President Barack Obama's State of the Union address offers a unique opportunity to address the key economic issues of our time. And the American people deserve no less. It's been too long since the country was given an explicit and realistic assessment of where the economy stands -- identifying what needs to be done to enhance economic and financial outcomes and assigning responsibility where it belongs.
The U.S. economy continues to heal steadily after the trauma of the global financial crisis that landed it in the economic equivalent of a hospital's intensive care unit. It is generating jobs, fiscal and external deficits are narrowing, inflation has been contained, and disruptive cases of extreme financial vulnerability (including housing and banks) have been addressed. The patient has been released.
Yet the economy exited the hospital with structural impairments. As such, it can walk but it cannot run.
The country's growth dynamics remain overly tentative, with the latest estimate for the final quarter of 2012 suggesting a mild contraction (though the revised numbers should be a lot better). Annual growth rates are mired in the 1.5-2 percent range, well below the economy's expansion potential. And this morning's small business survey confirms that a powerful driver of growth -- and one that is key to the wellbeing of the middle class (and politics) -- is stuck in first gear.
Yes, jobs are being created, but not enough to bring unemployment down from its current 7.9 percent to the historically more acceptable level of around 5 percent. Too many people are what's known as "long-term unemployed" -- 39 percent of those officially out of work, to be exact. And a growing number of Americans are depending on, and in some cases falling through, the country's overly stretched safety nets.

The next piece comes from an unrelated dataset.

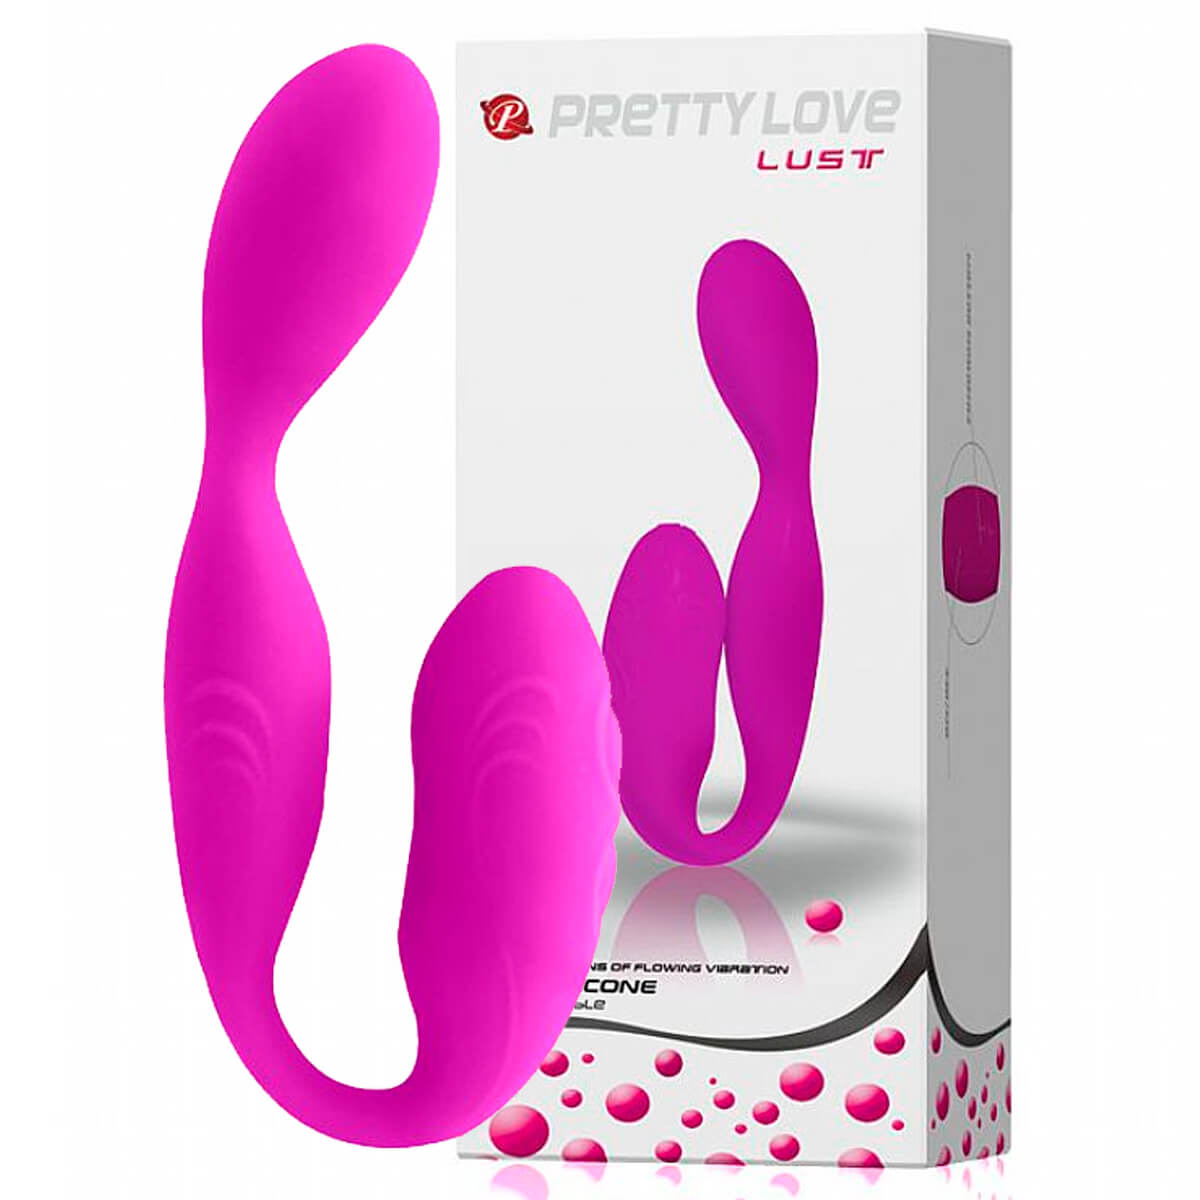 Pretty Love Lust Vibrador para Casal com 30 Vibrações Ultra Potentes Miss Collection

Simply put, as hard as it tries, the U.S. economy is yet to attain economic escape velocity. As long as it remains bound by this additional gravity, middle- and lower-income households will find it hard to prosper, income and wealth inequality will increase further, and the economy will continue to struggle with a combination of persistently sluggish growth, unusually high unemployment, and worrisome pockets of poverty and deprivation.
Four issues, and ones I hope the president will address this evening, would contribute to the U.S. economy reaching this escape velocity:
1. At the macro level, the economy needs to transition from "supported growth" (which requires ever-more experimental and untested Federal Reserve policies) to "endogenous growth" (powered by more sustainable and less distortive engines).
2. At the sector level, improving the functioning of the labor market, education, housing finance, credit intermediation, and infrastructure renewal.
3. At the micro level, engendering private sector confidence that would unlock the trillions of dollars in cash that -- rather than invested in new plants, equipment, and hiring -- continue to lie idle on balance sheets and in bank's excess reserves.
4. At the financial level, replacing the blunt spending cuts associated with the sequester with a more thoughtful approach; and, agreeing on a medium-term framework that puts an end to merry-go-round budgetary negotiations that unnecessarily add to uncertainty and further political polarization.
By speaking directly to these issues, Obama can constructively reset the economic narrative at the very start of his second term. And in doing so, he would also help citizens reconcile three emotions that run high in America today: excitement, hope, and anxiety.